## WORK TASK
In the listing below, locate the line containing "Big apple new york license plate stock" and copy it and every line after it through the end, exactly as written, leaving out any pictures.

## DATA EXTRACT

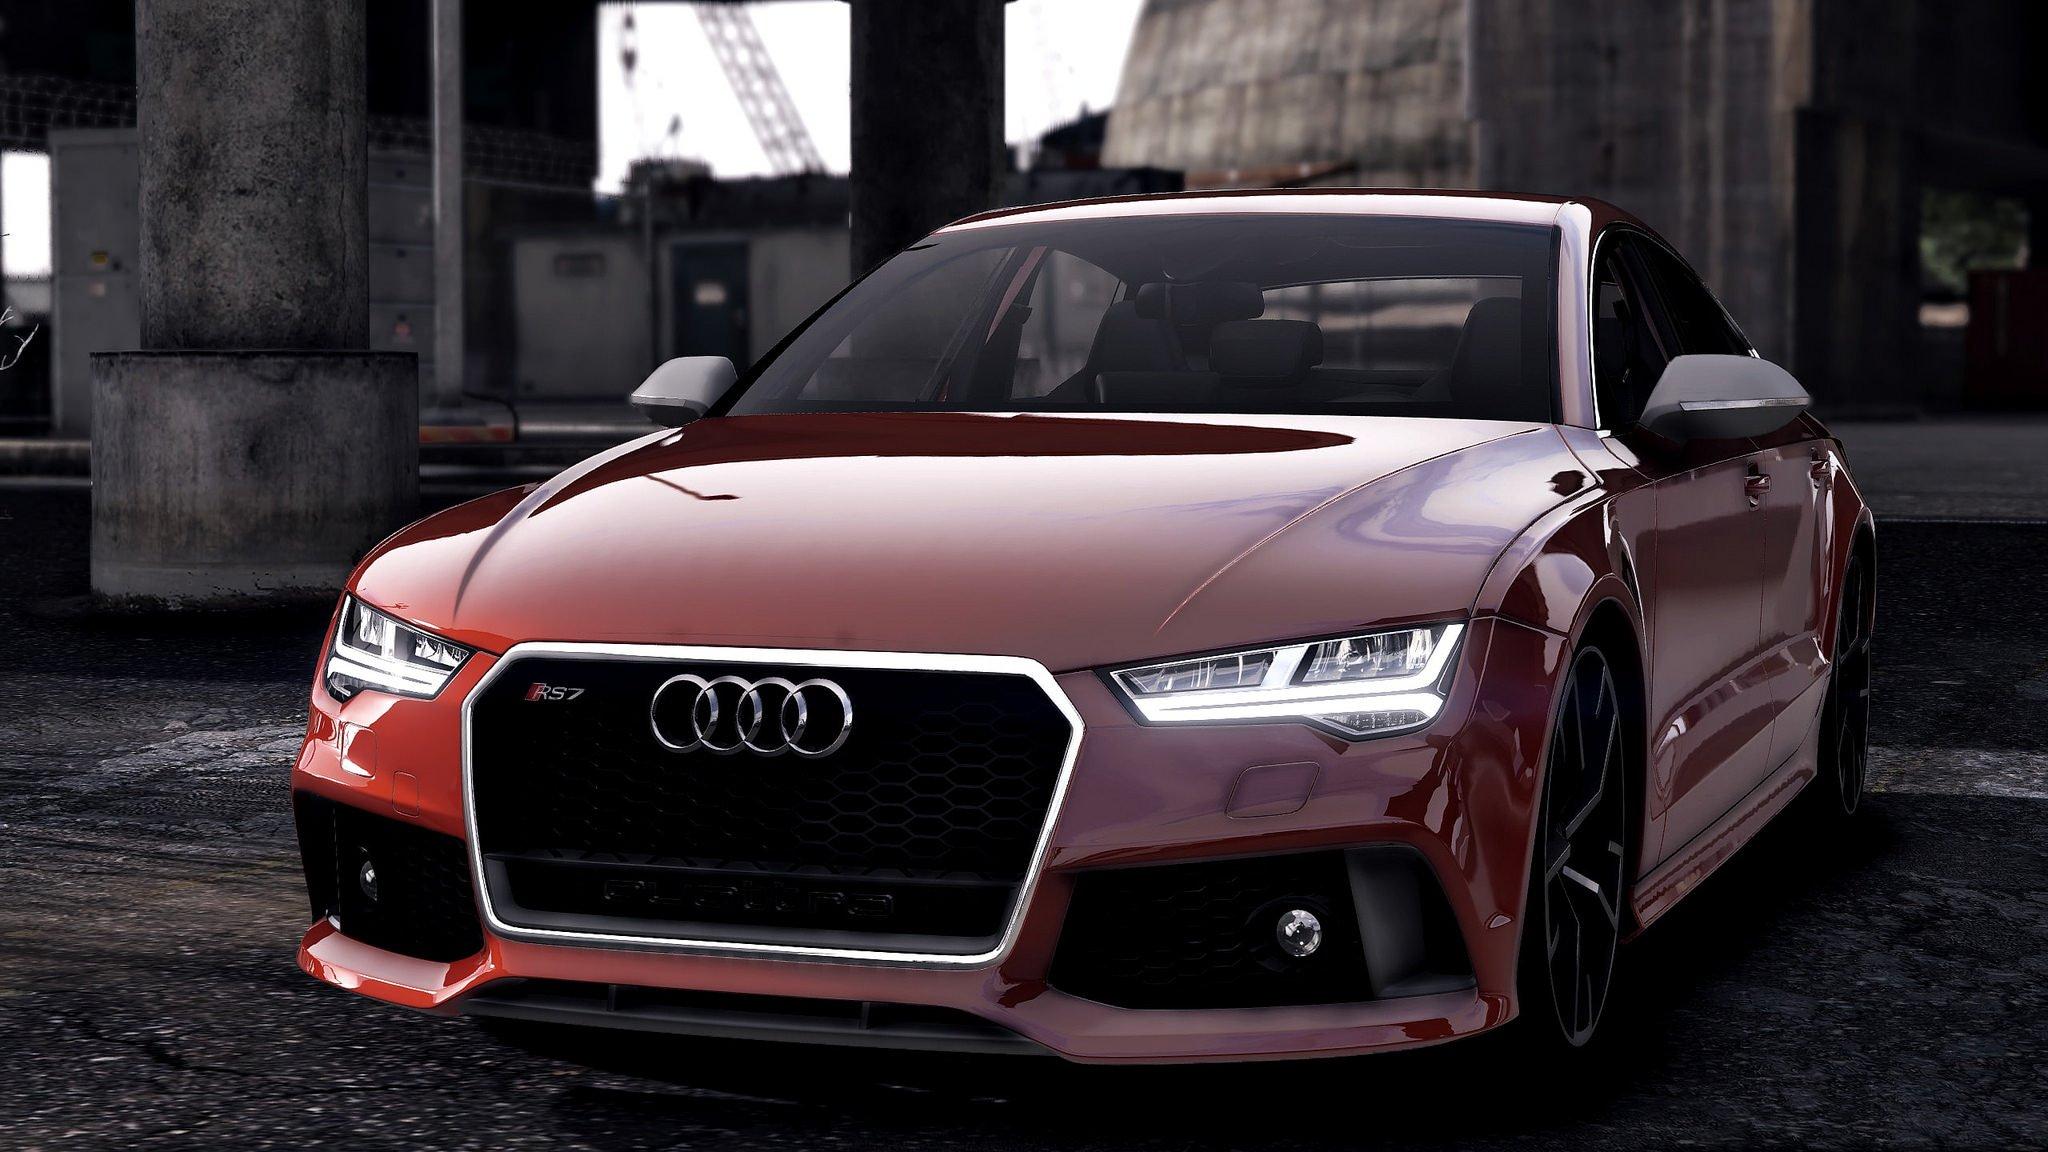 Audi RS7 Sportback [Add-On / Replace] - GTA5-Mods.com
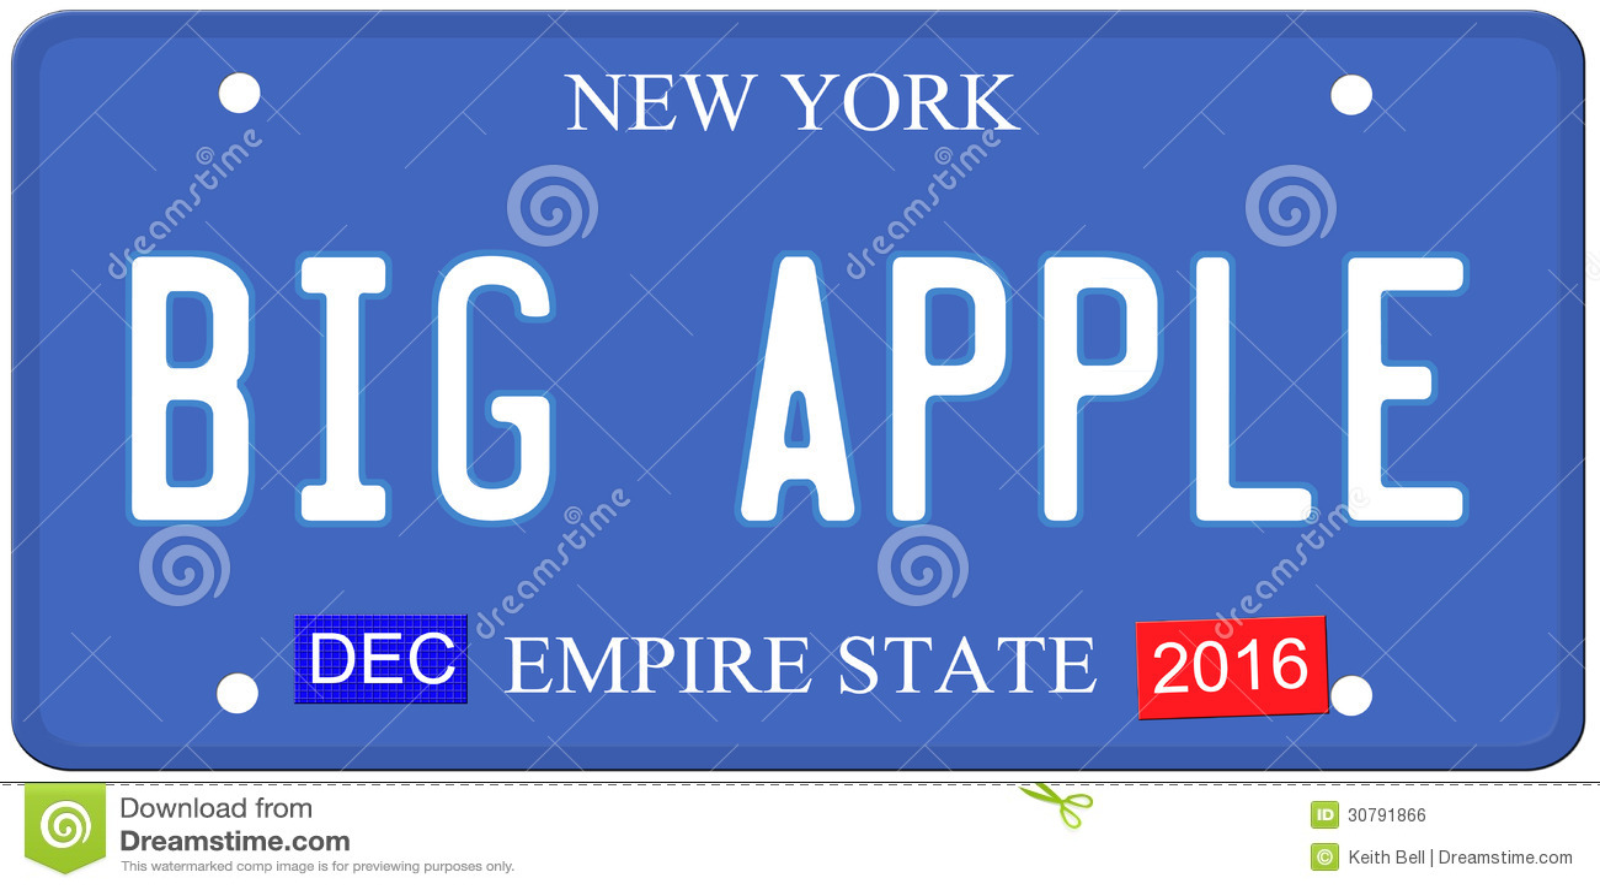 Big apple new york license plate stock illustration illustration big apple new york license plate publicscrutiny Choice Image
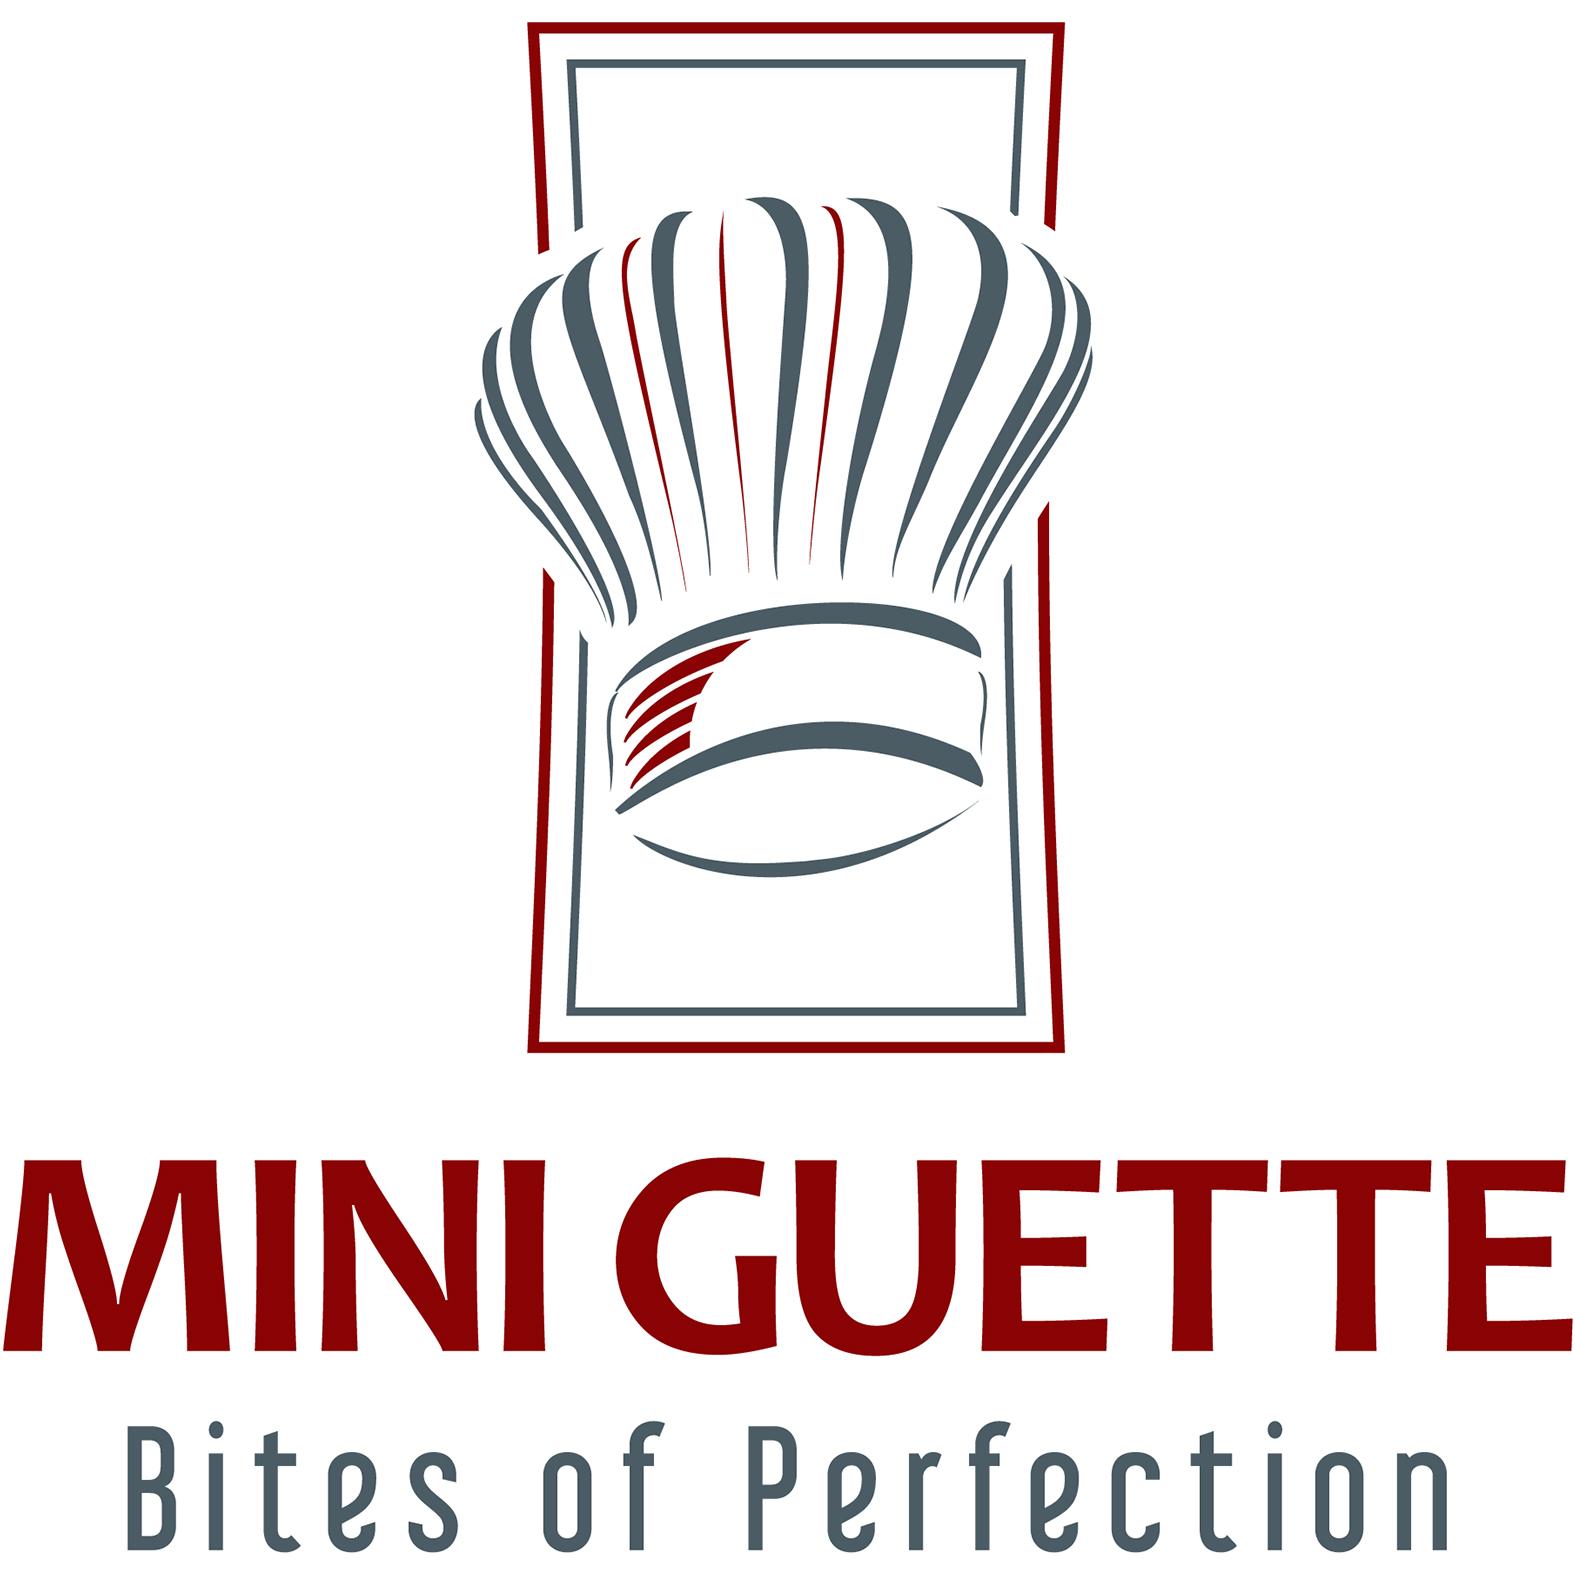 Miniguette

## RESULT FOR THIS TASK
 Big apple new york license plate stock illustration illustration big apple new york license plate publicscrutiny Choice Image
 Miniguette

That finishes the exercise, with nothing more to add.